Another important theme that was debated was the “legitimacy” of the use of the body as a “resource” and a productive asset in commercial surrogacy. Here, parallels were drawn between surrogacy and sex work; some argued that like sex work was recognised by many progressive quarters as sexual labour, similarly, commercial surrogacy should be recognised as reproductive labour. As such, feminist health activists should pitch their efforts to secure the protection of the rights of commercial surrogates, and deconstruct patriarchal ways of breaking down women’s bodies; it was noted that sex work was sex without reproduction, just as surrogacy was reproduction without sex; yet, the government has criminalised the former while promoting the latter. However, others were opposed to this stand as they saw it as legitimising the commodification of women’s bodies, increasing exploitation and argued that limits needed to be set to the sale, purchase, harvesting and use of body parts and bodily labour.
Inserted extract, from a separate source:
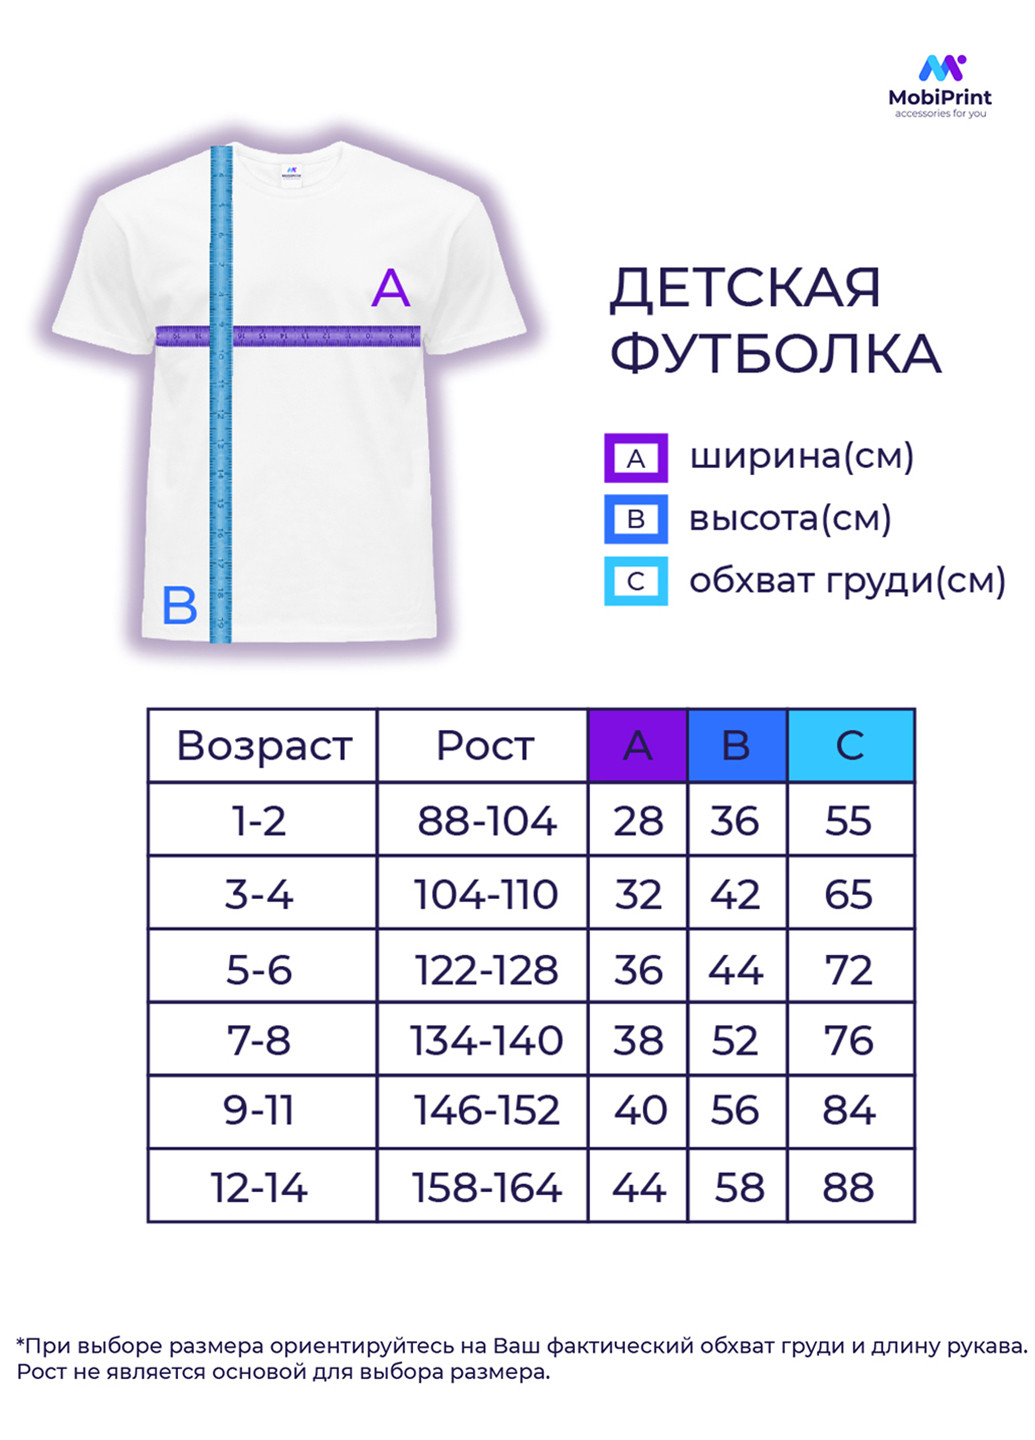 Фіолетова демісезонна футболка дитяча фортнайт (fortnite) (9224-1190) MobiPrint

4 As and when such interactions have occurred, they have formed the axis around which our own understandings have evolved. For instance, it is in discussions with communities that the stigma and violence associated with childlessness emerges most clearly, as does the link between infertility and other health problems like tuberculosis.

5 A distinction needs to be made between infertility management, which is a broader category, and ART provision, and both practical and conceptual issues remain to be addressed.

6 In light of the stigma associated with commercial surrogacy, some have suggested that altruistic surrogacy may be a more acceptable option. However, altruism is not without its problems. Notwithstanding the impossible question of how the “altruistic” feeling in any relationship will be assessed, altruistic surrogacy is unlikely to be completely benevolent and without its own power dynamics.